Return each line of the data below exactly, omitting any pictures.

** Recorded information **
--------------------------------------------------
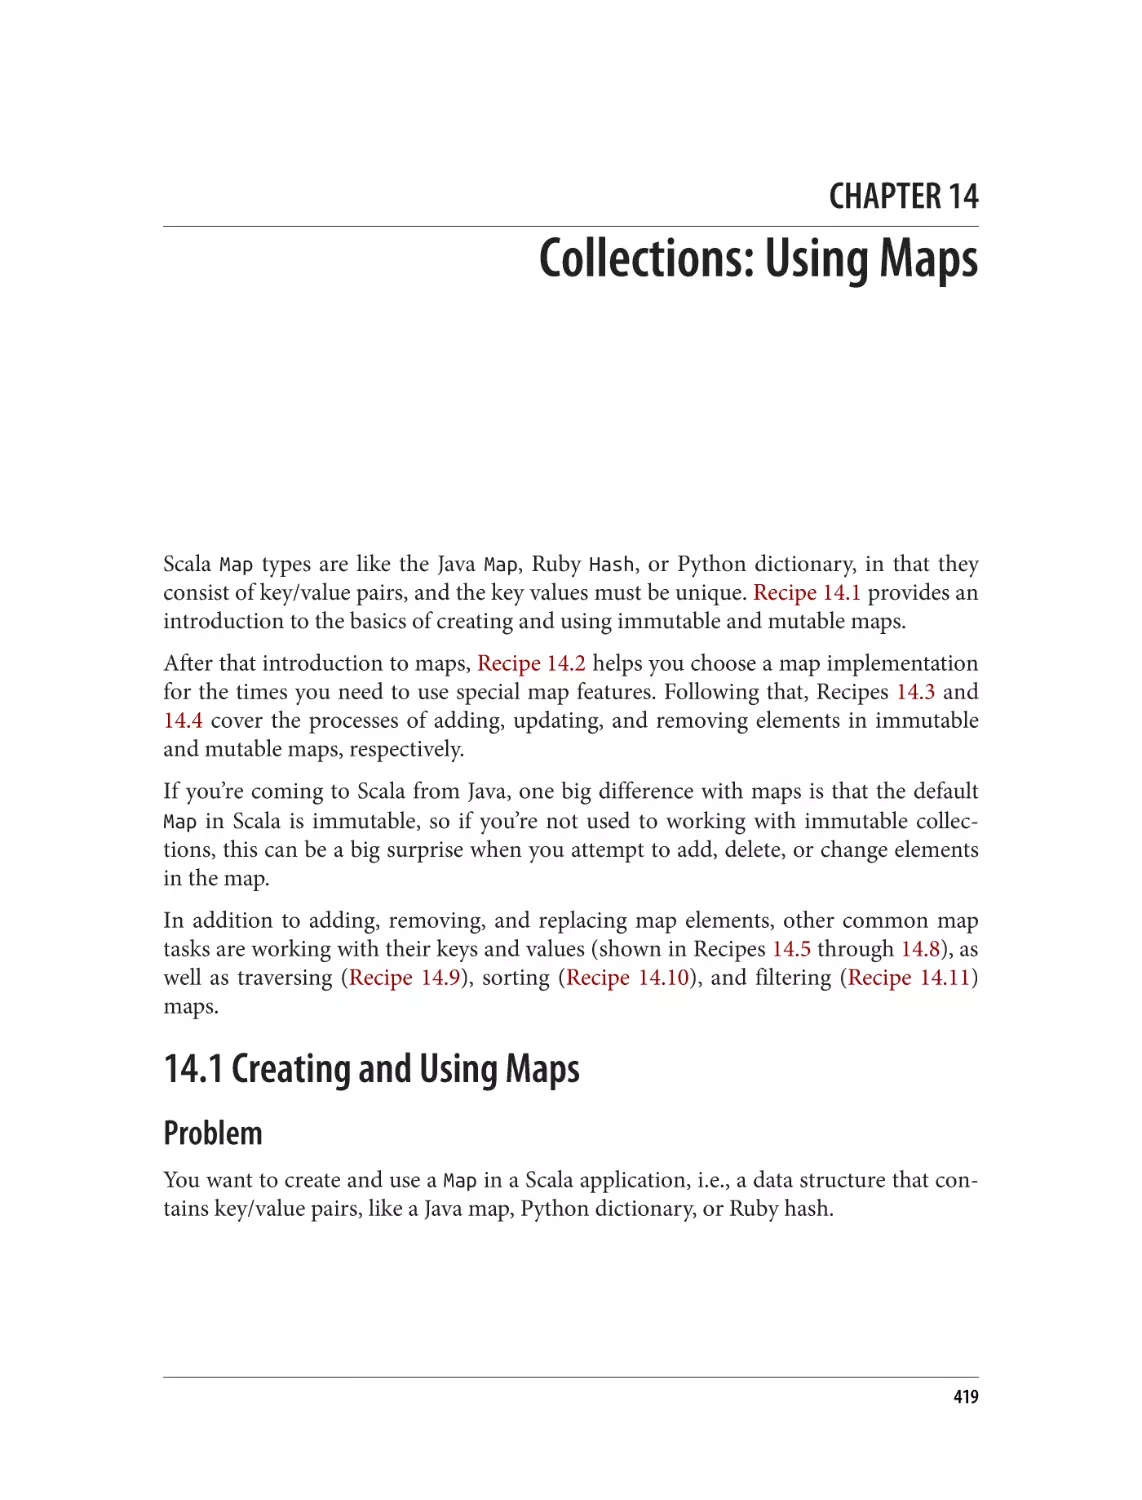 Chapter 14. Collections
14.1 Creating and Using Maps
Problem
--------------------------------------------------
** Response to the task **
 Chapter 14. Collections
14.1 Creating and Using Maps
Problem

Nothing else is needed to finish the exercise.